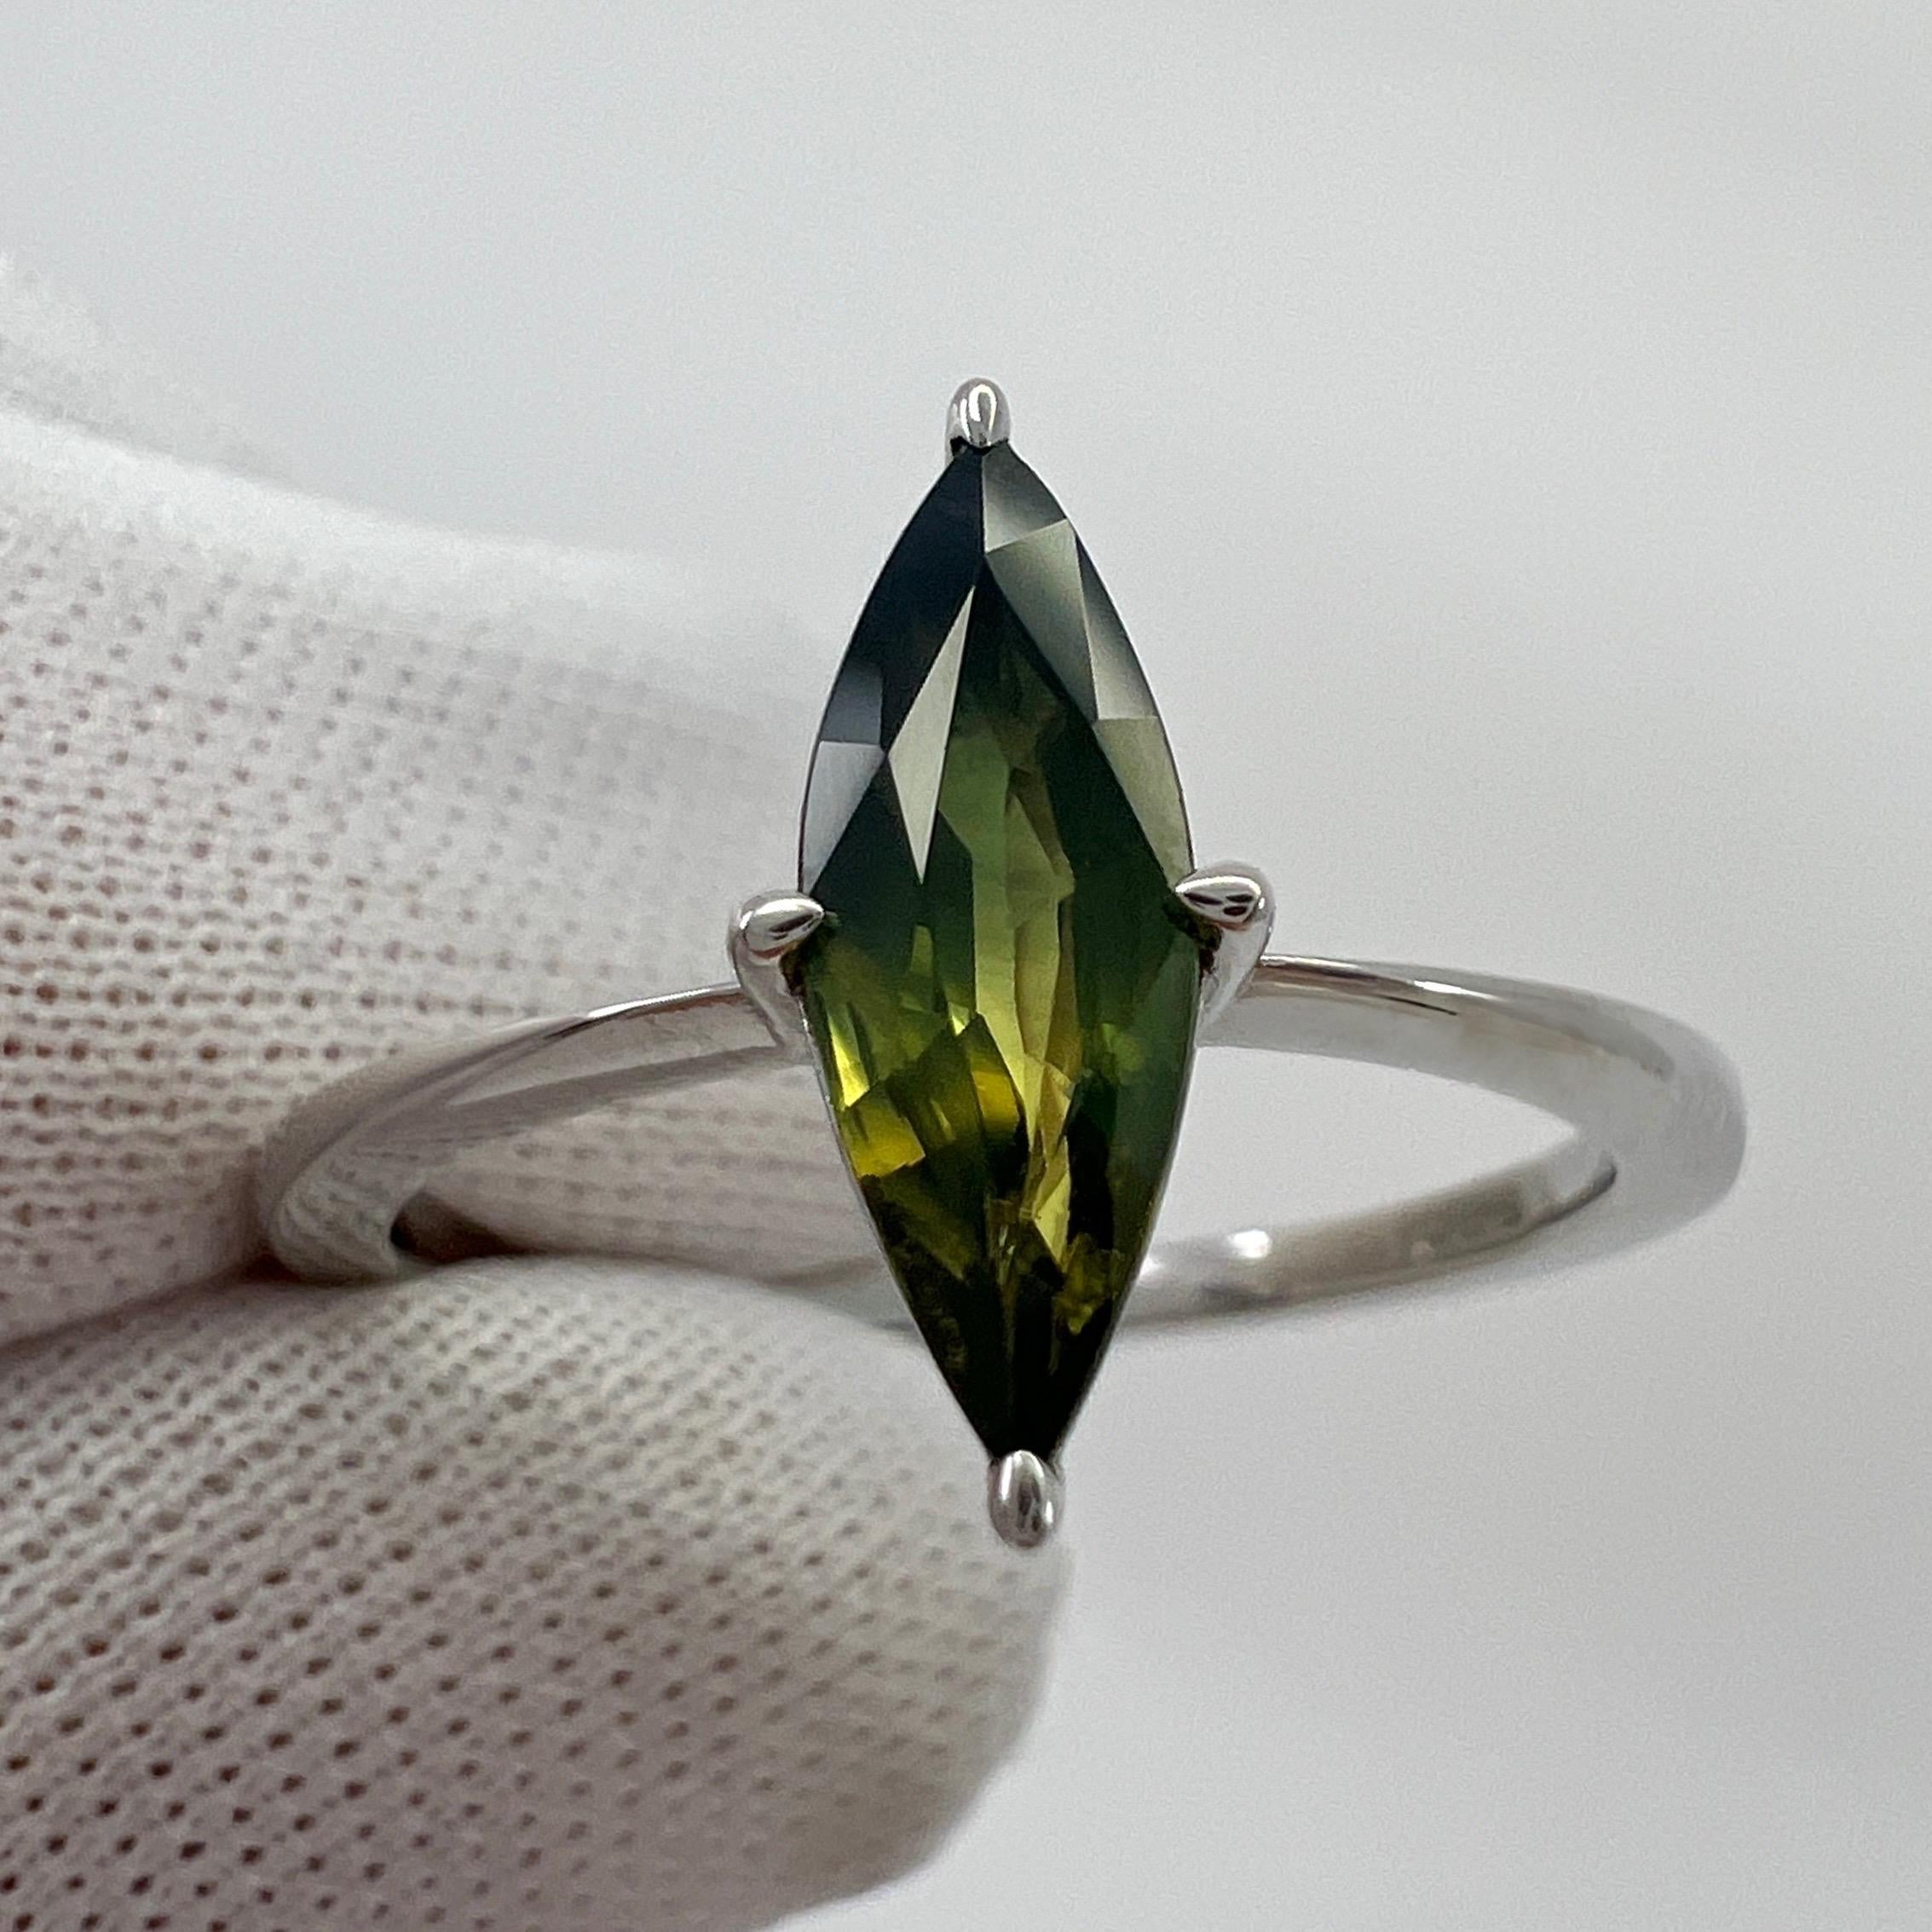 Einzigartige natürliche Parti Farbe australischen unbehandelten Saphir 18k Weißgold Ring. ITSIT entworfen. 

Einzigartiger 1,04 Karat Saphir mit einem seltenen blauen, grün-gelben Parti-Farbeffekt. Atemberaubend zu sehen. 

Vollständig

• **HOW TO COMPLETE THIS TASK**
Skipping any images, write out all the data exactly.

• **EXERCISE RESPONSE**
 Einzigartige natürliche Parti Farbe australischen unbehandelten Saphir 18k Weißgold Ring. ITSIT entworfen. 

Einzigartiger 1,04 Karat Saphir mit einem seltenen blauen, grün-gelben Parti-Farbeffekt. Atemberaubend zu sehen. 

Vollständig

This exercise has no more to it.